SOURCE DATA >>

------------------------------------------------------------

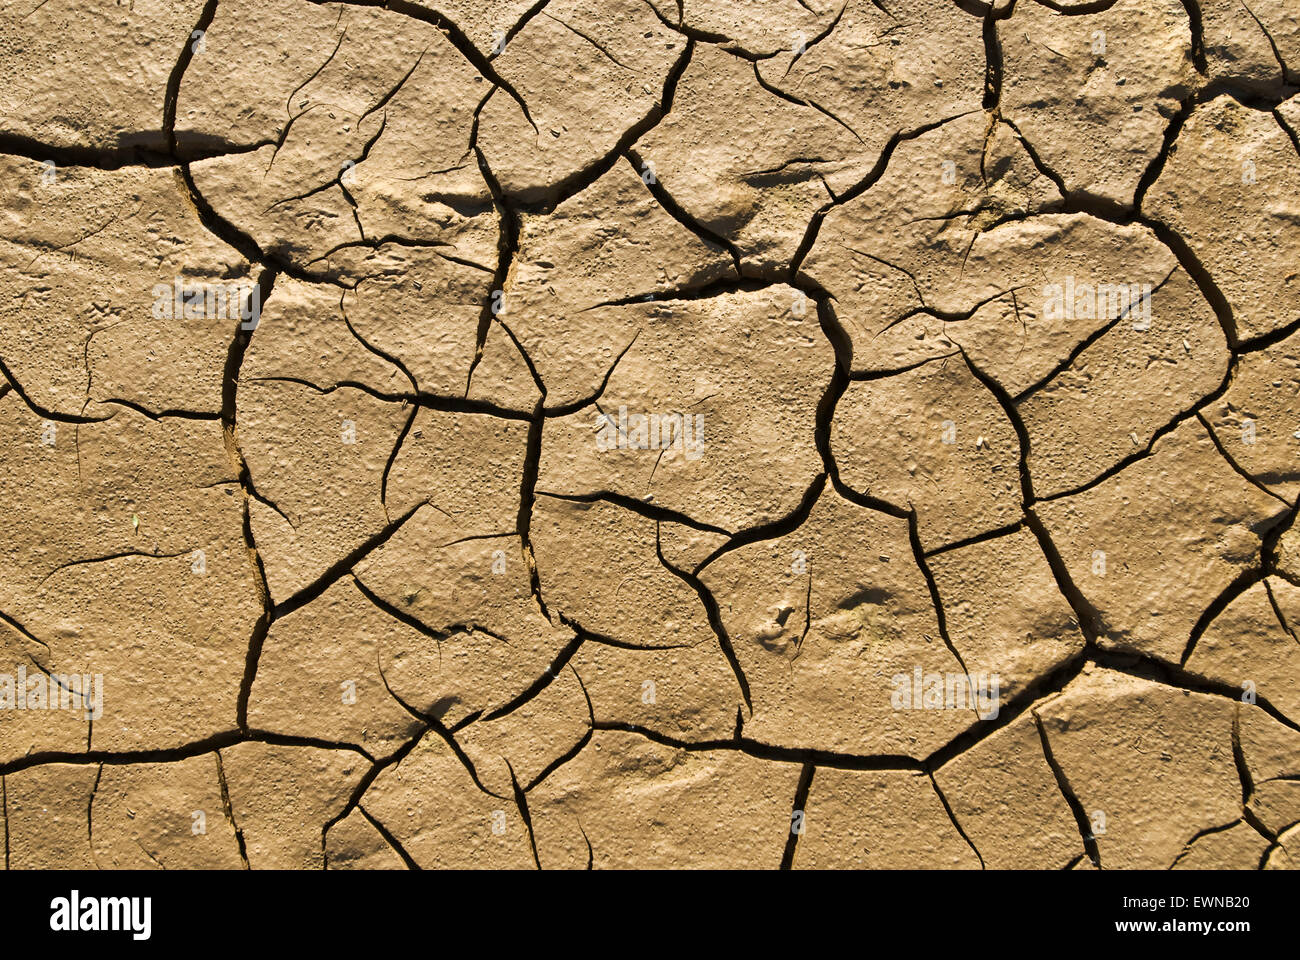 Dried mud dryness rifts flaws Stock Photo
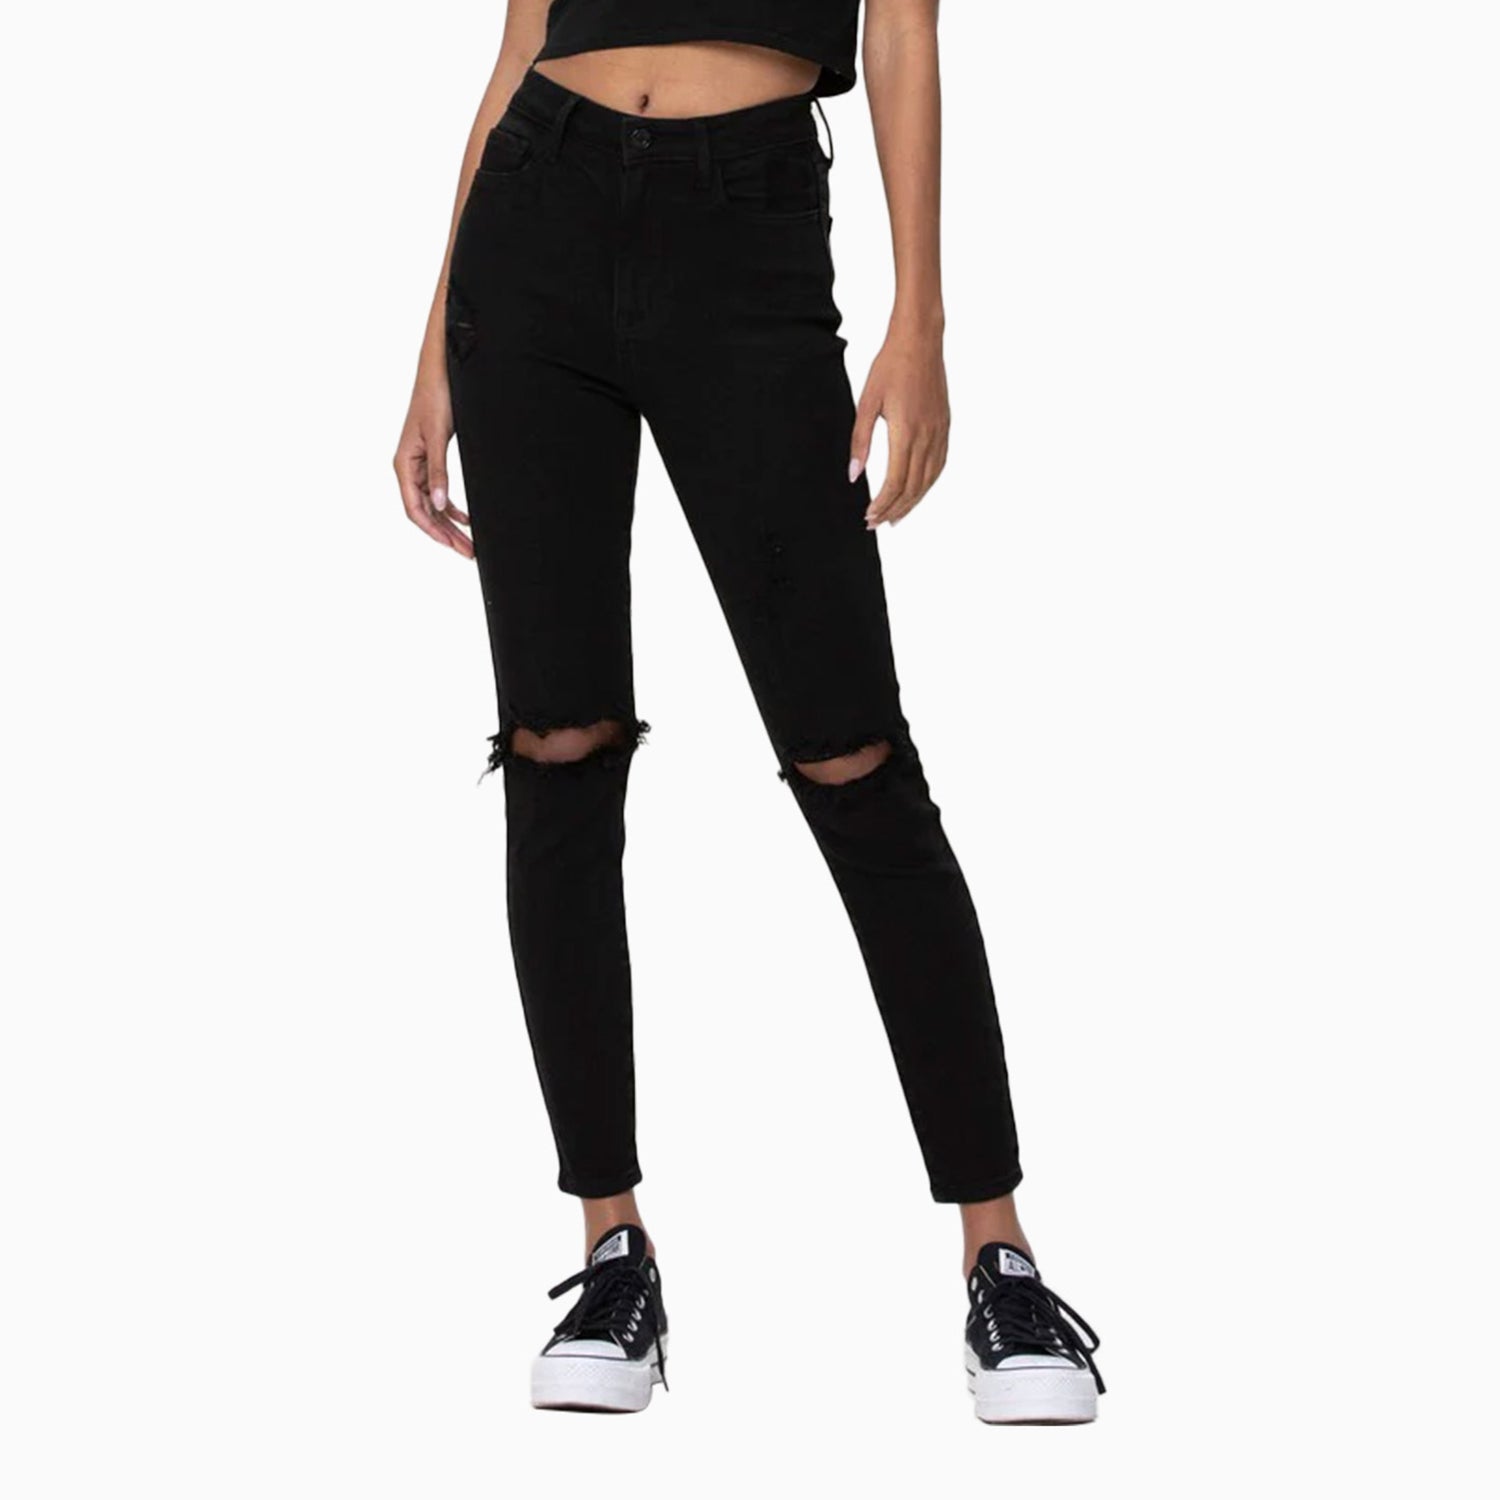 cello-jeans-womens-high-rise-distress-ankle-skinny-pant-wv17594blk
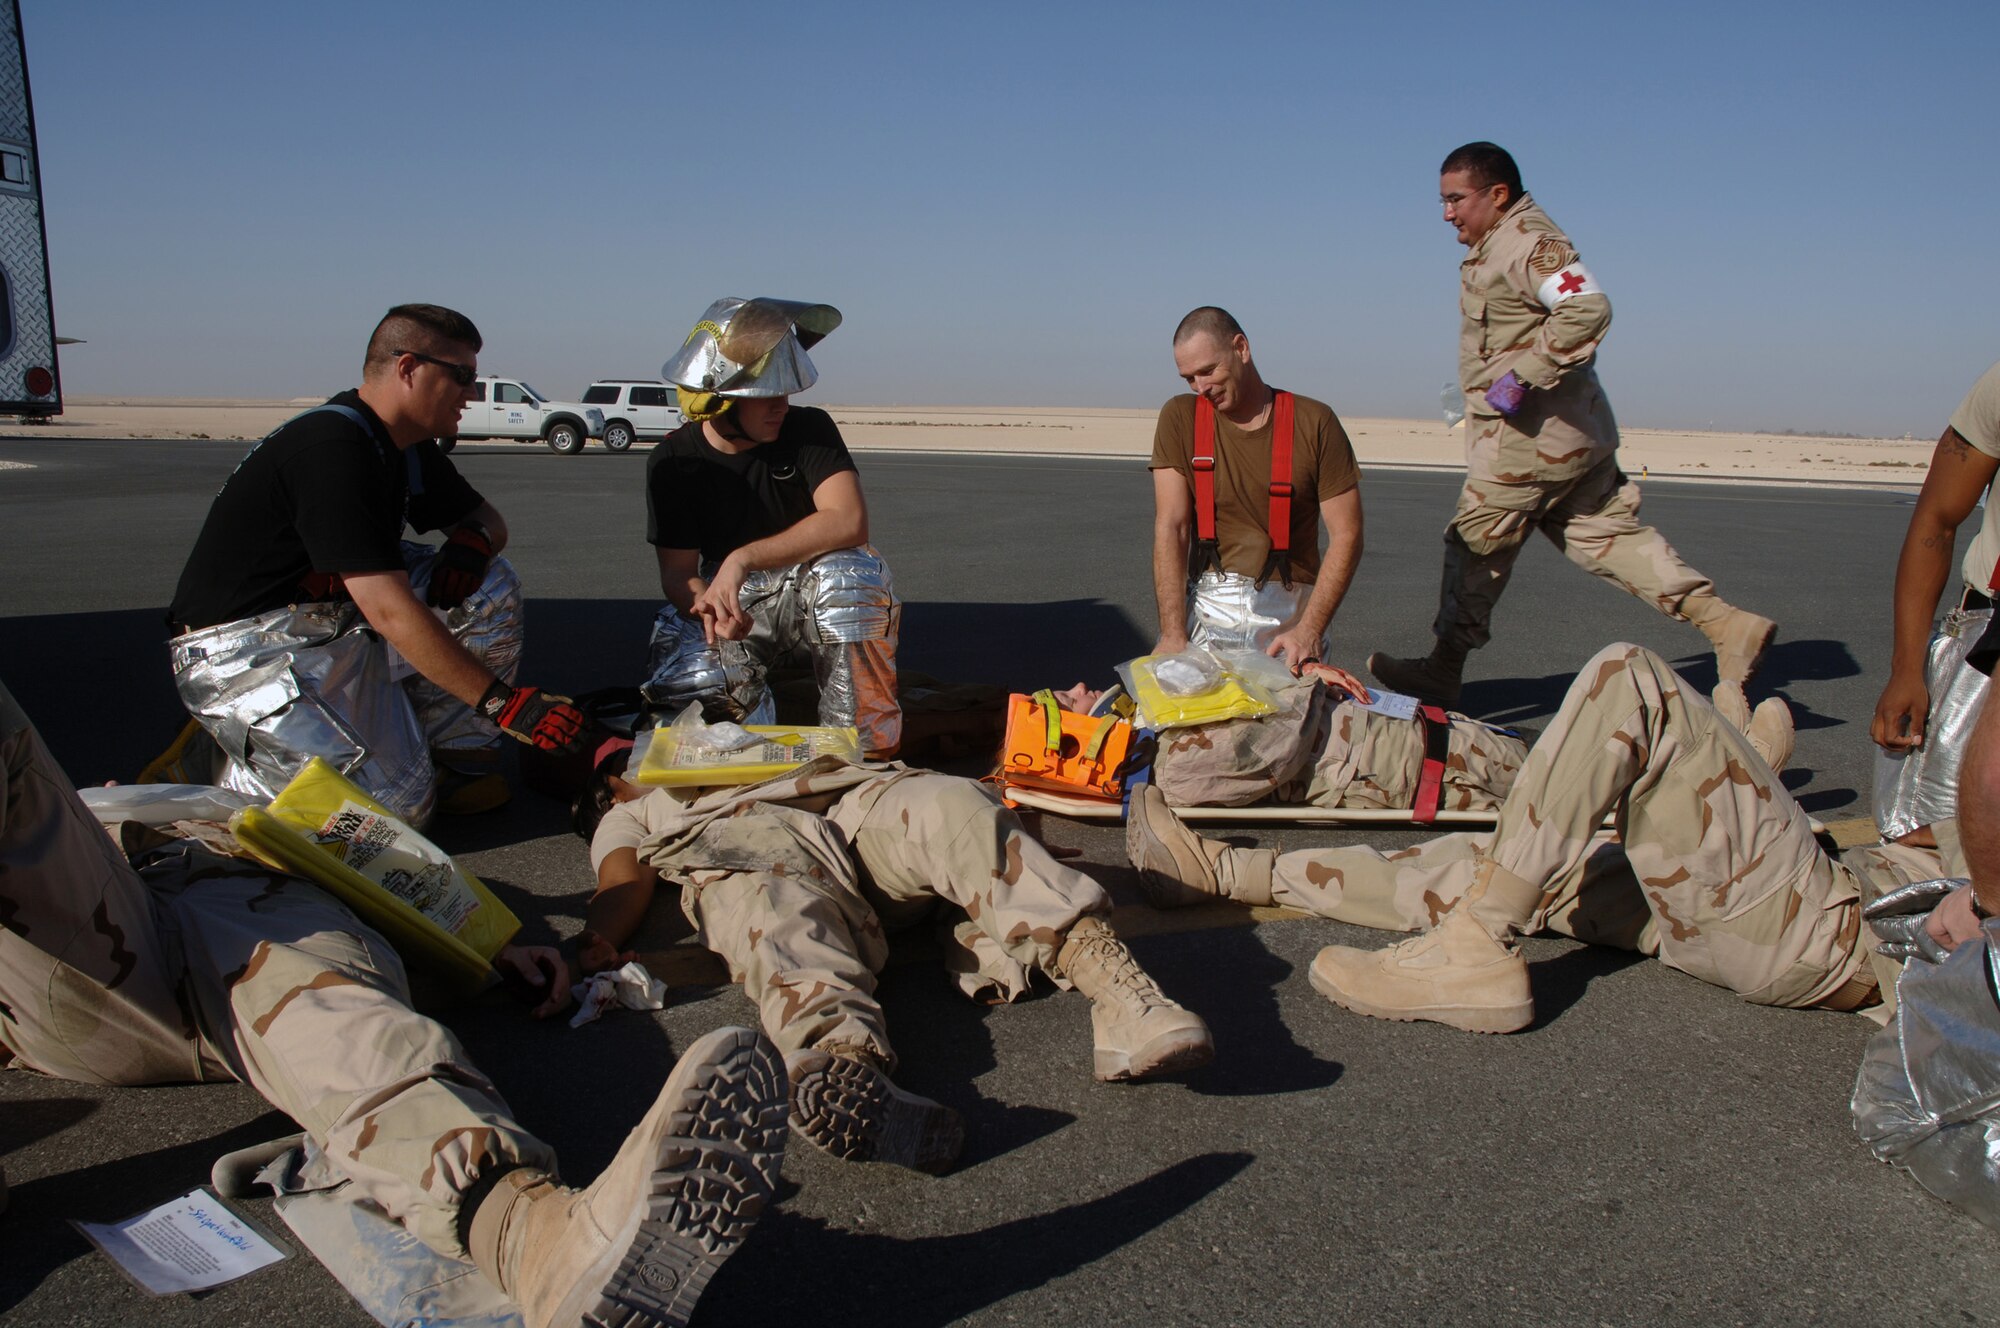 SOUTHWEST ASIA - Emergency services Airmen tend to victims following an aircraft incident during a Major Accident Response Exercise at a Southwest Asia air base Dec. 14.  (U. S. Air Force photo/Staff Sgt. Douglas Olsen)
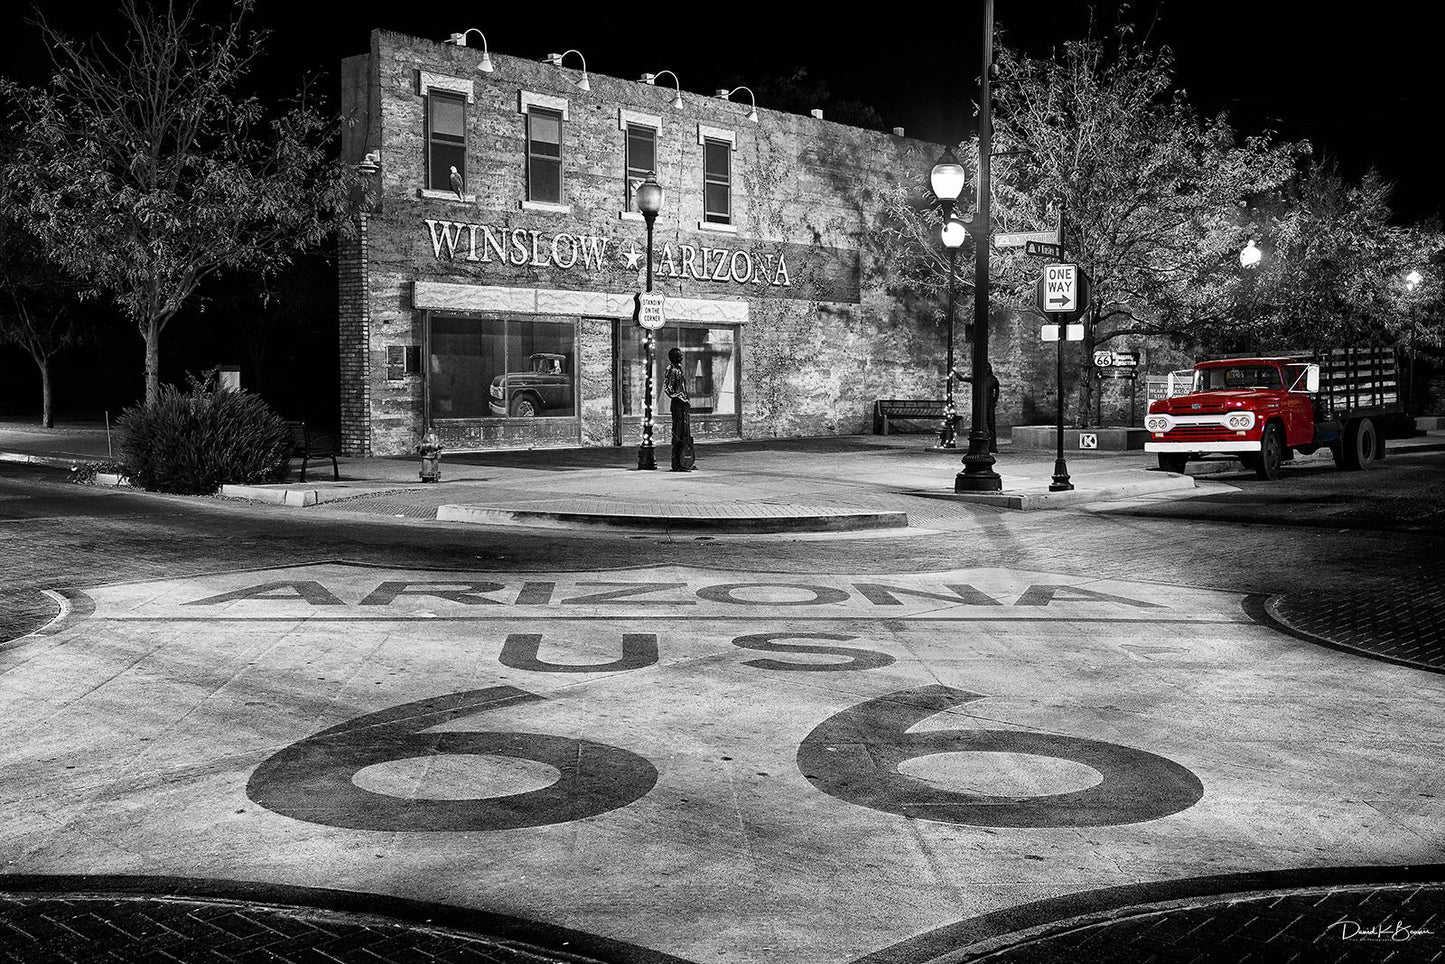 black and white image with building in background,and Arizona US 66 highway sign painted on ground in foreground.

------------------------------------------------------------

REQUIRED WORK >> Set down the data again, exactly, without images.

SOLVED EXERCISE >>
 Dried mud dryness rifts flaws Stock Photo
 cello-jeans-womens-high-rise-distress-ankle-skinny-pant-wv17594blk
 SOUTHWEST ASIA - Emergency services Airmen tend to victims following an aircraft incident during a Major Accident Response Exercise at a Southwest Asia air base Dec. 14.  (U. S. Air Force photo/Staff Sgt. Douglas Olsen)
 black and white image with building in background,and Arizona US 66 highway sign painted on ground in foreground.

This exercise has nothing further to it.